Reading the comment of the user @Hyenazixiao if I have $\cos(6x)≥0$ I'll need to draw $6$ equi-distance and equi-length red arcs within of a period of $2π$. Is there a proof for this event or can I see from the last solution looking the periodicity?
As an algebraic answer, note that in one period $2\pi$, $\cos(x)\geq0$ on $\left[0,\;\frac{\pi}{2}\right]\cup\left[\frac{3\pi}{2},\;2\pi\right)$. By multiplying the inside of the cosine by $m\in\mathbb{R}$, we are effectively compressing or "squishing" the function by a factor of $m$.

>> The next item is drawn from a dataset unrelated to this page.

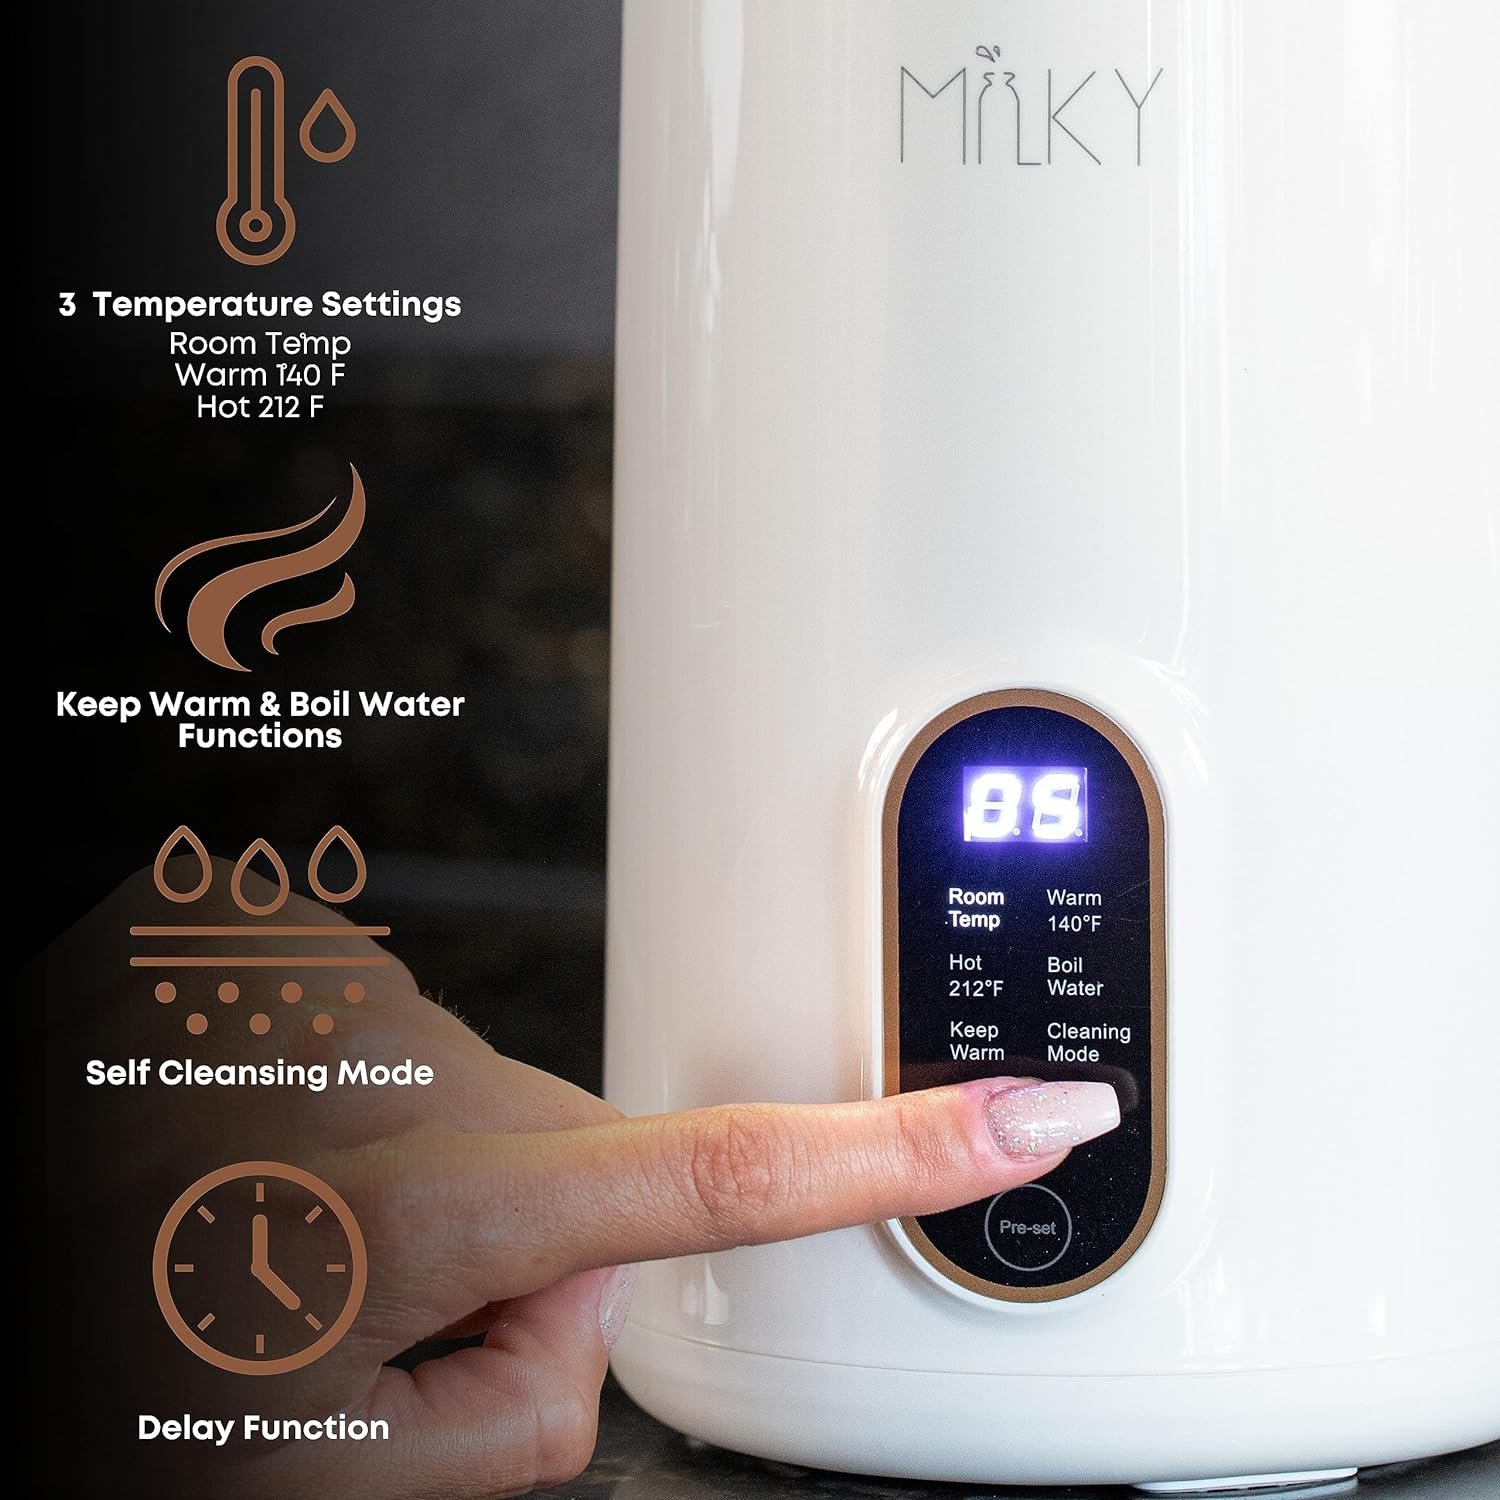 Milky Machine Automatic Nut Milk Maker, Homemade Dairy Free Cold or Hot Almond, Oat, Coconut, Soy, or Plant Based Milks, Boil and Blend One to Two Servings, Modern Sleek Design, Easy to Use, White

So, assuming $m\neq0$ (if $m$ were $0$ the inequality would hold everywhere) the new period is $\frac{2\pi}{m}$, and the new interval where $\cos(mx)\geq0$ in one period is now $\left[0,\;\frac{\pi}{2m}\right]\cup\left[\frac{3\pi}{2m},\;\frac{2\pi}{m}\right)$.

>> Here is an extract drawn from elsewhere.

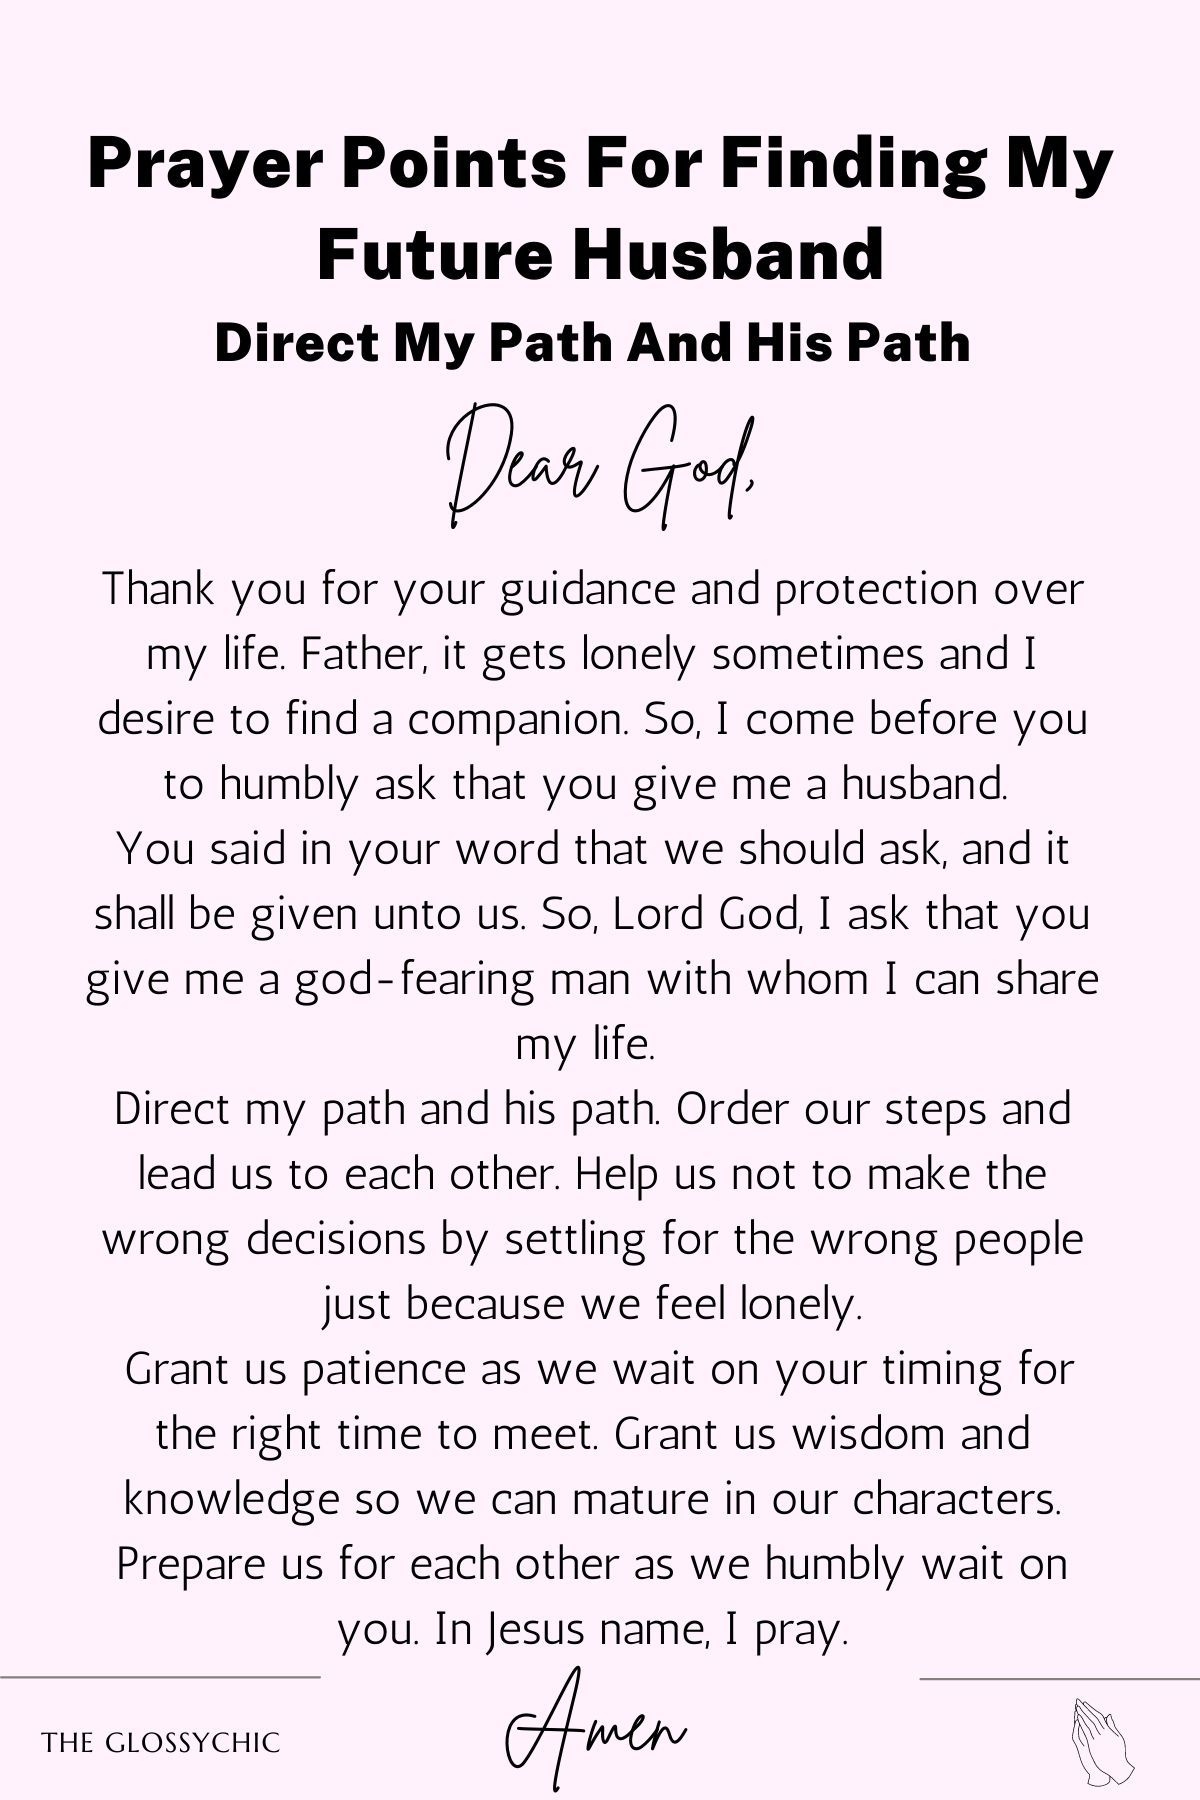 Direct My Path And His Path

Finally, to account for periodicity, we add $\frac{2k\pi}{m}$ to each end of the two intervals, where $k\in\mathbb{Z}$. Hence, the set of $x$ satisfying the inequality $\cos(mx)\geq 0$ is
$$x\in\left[\frac{2k\pi}{m},\;\frac{\pi}{2m}+\frac{2k\pi}{m}\right]\cup\left[\frac{3\pi}{2m}+\frac{2k\pi}{m},\;\frac{2\pi}{m}+\frac{2k\pi}{m}\right)$$
which can be simplified to:
$$x\in\left[\frac{2k\pi}{m},\;\frac{(4k+1)\pi}{2m}\right]\cup\left[\frac{(4k+3)\pi}{2m},\;\frac{(2k+2)\pi}{m}\right).$$
Geometrically, for your red arcs, $\cos(mx)$ would have $m$ red arcs within the circle. Hope this helps!